Hepatic Cellular Models

A wide range of in vitro models are used in preclinical drug testing for the investigation of ADME-Tox (Absorption, Distribution, Metabolism, Excretion and oxicity) properties of New Chemical Entities (NCEs). The liver is the main organ with regards to ADME-Tox, it’s the place of more than 500 different functions, including: metabolism of lipids, carbohydrates, and vitamins, detoxification, production of bile, albumin, fibrinogen, globulin, etc (1). The liver lobule is composed of parenchymal cells (hepatocytes) and nonparenchymal cells (Kupffer cells, hepatic stellate cells, and sinusoidal endothelial cells).

Hepatocytes – the Gold Standard

Hepatocytes represent 80% of liver volume. Hepatocytes are commonly used in drug discovery and preclinical drug development to perform experiments requiring intact cellular systems. Intact hepatocytes contain the major hepatic drug-metabolizing enzymes required to study the four categories of xenobiotic biotransformation: hydrolysis, reduction, oxidation and conjugation.

Because of these enzymes, hepatocytes provide a viable and cost-effective alternative to in vivo testing.

 

Characteristics of a good hepatocytes monolayer. 1. Cuboidal hepatocytes with good cell-cell contact. 2. One to two centrally located nuclei. 3. Fully confluent mono-layer.

Characteristics of a good hepatocytes monolayer. 1. Cuboidal hepatocytes with good cell-cell contact. 2. One to two centrally located nuclei. 3. Fully confluent mono-layer.

 

Cryo or Fresh Hepatocytes…? Let the application drive your choice!

Significant advances have been made in successful cryopreservation of primary isolated hepatocytes, which have been very difficult to preserve with high viability and long-term stable function in the past. The quality of cryopreserved hepatocytes has improved, and they have been accepted by the US Food and Drug Administration (FDA) for use in drug metabolizing enzyme induction studies.
To enhance survival and function or cryopreserved hepatocytes, certain media have been especially engineered such as the CryoStor media. Improvement in preservation efficacy was not strictly limited to cell viability, but translated into the maintenance of viable and functioning cells as well.
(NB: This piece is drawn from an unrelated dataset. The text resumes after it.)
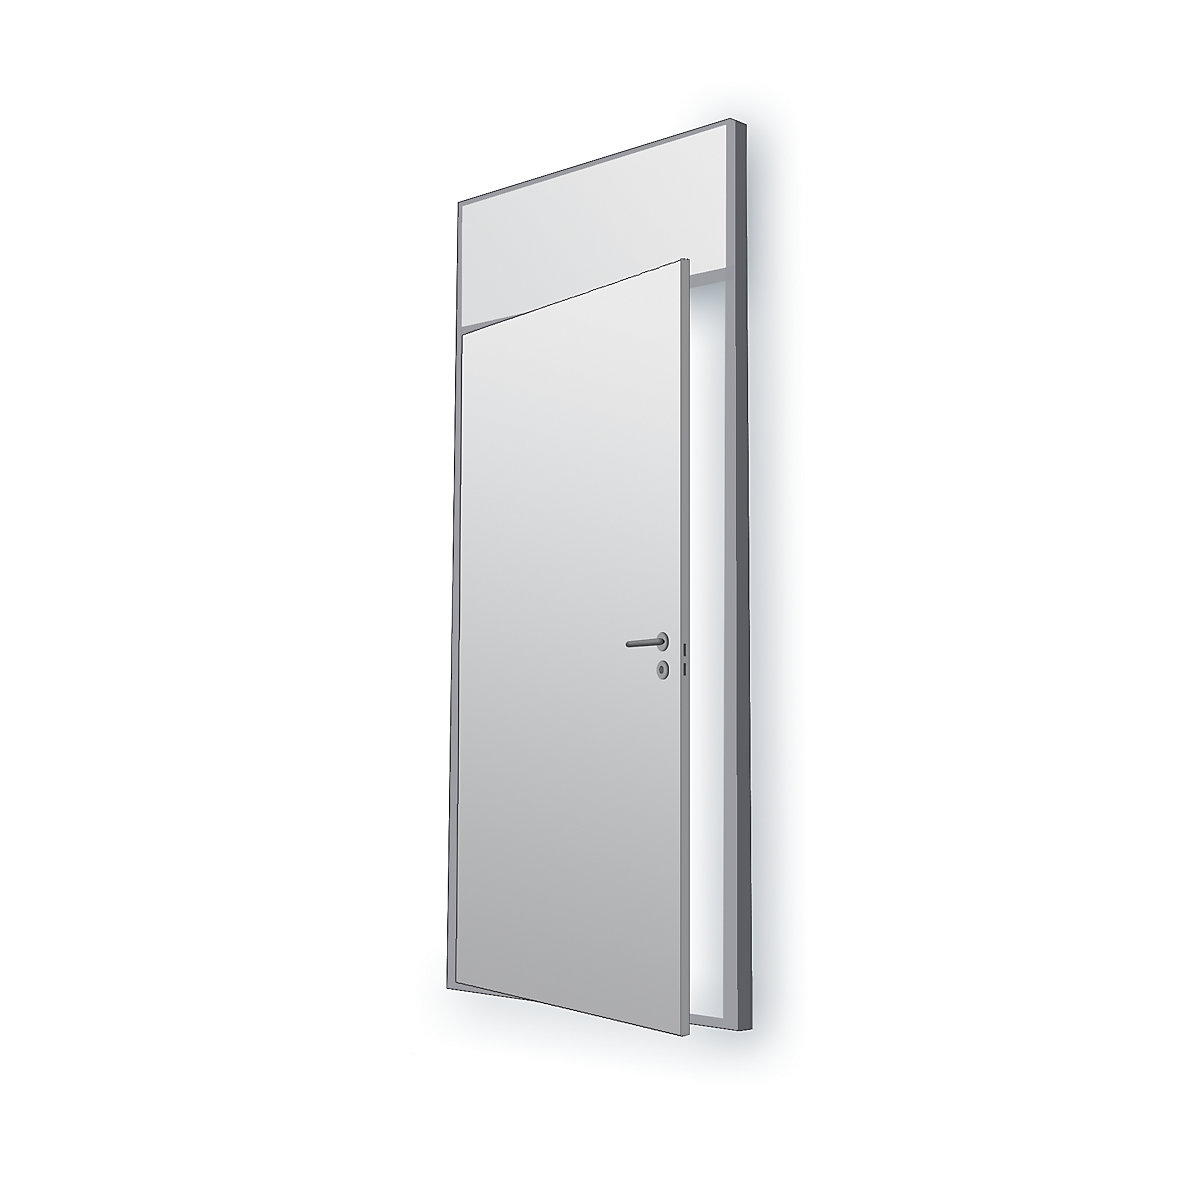 Flexible partition system, wall thickness 82 mm, single door section, HxW 2093 x 936 mm, without window
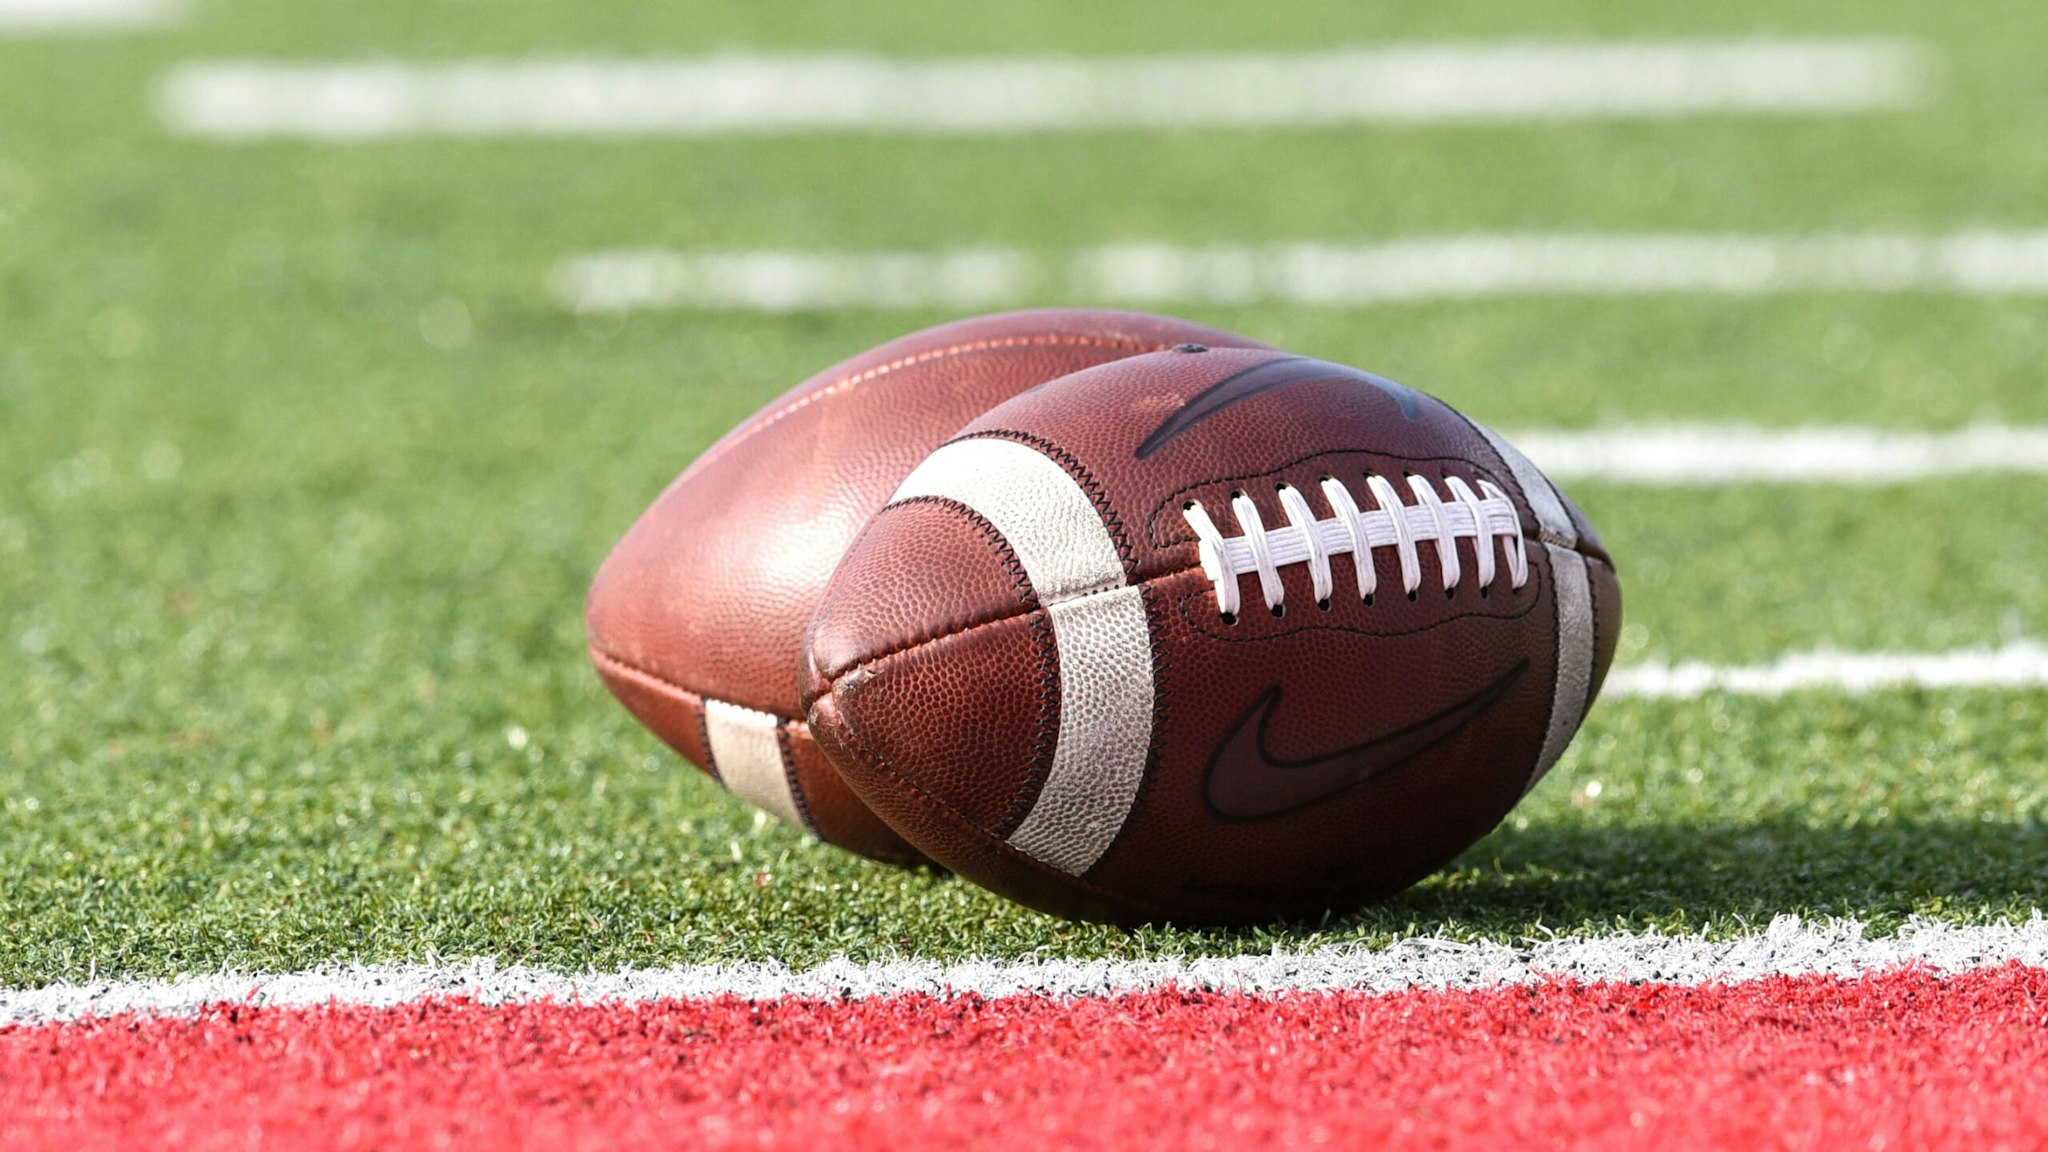 MUNCIE, IN - SEPTEMBER 02: Nike footballs sit on the goal line prior to a college football game between the Western Illinois Leathernecks and Ball State Cardinals on September 2, 2021 at Scheumann Stadium in Muncie, IN.

The choice of a particular lot, cryopreserved or fresh, will be driven by the experimental applications, and not only the availability. In this post, we illustrated that the choice of plateable heaptocytes should be driven by the application first. For this purpose, it’s useful to call on ressources such as this Hepatocytes Selection Guide.

Related topics

Non-Parenchymal Cells

Non-parenchymal cells make up 40% of the total number of liver cells, but only 6.5% of its volume. The non-parenchymal cells produce paracrine factors that influence growth, metabolism, and transport in hepatocytes.  Non-parenchymal cells can be primary targets for certain hepatotoxins and mediate physiological response of the liver to endocrine and immune signals.

 

 "Intravital Observation of Plasmodium berghei Sporozoite Infection of the Liver", PLoS Biology, doi:10.1371/journal.pbio.0030192.g011. Frevert U, Engelmann S, Zougbédé S, Stange J, Ng B, et al

“Intravital Observation of Plasmodium berghei Sporozoite Infection of the Liver”, PLoS Biology, doi:10.1371/journal.pbio.0030192.g011. Frevert U, Engelmann S, Zougbédé S, Stange J, Ng B, et al

 

Kupffer Cells

Kupffer cells are macrophages endogenous to the liver and have the ability to modulate hepatic inflammation and injury associated with various pathophysiologies and toxicities. Pro-inflammatory cytokines released by activated Kupffer cells, such as TNF-α and IL-6, are associated with up-regulation of acute-phase response proteins and suppression of CYP enzymes. For new biological entities, particularly immunomodulators, evaluating the potential for Kupffer cell activation is an emerging concept in preclinical development. Kupffer cells are estimated to comprise approximately 4-8% of total liver cell content and approximately 20% of non-parenchymal cells (2).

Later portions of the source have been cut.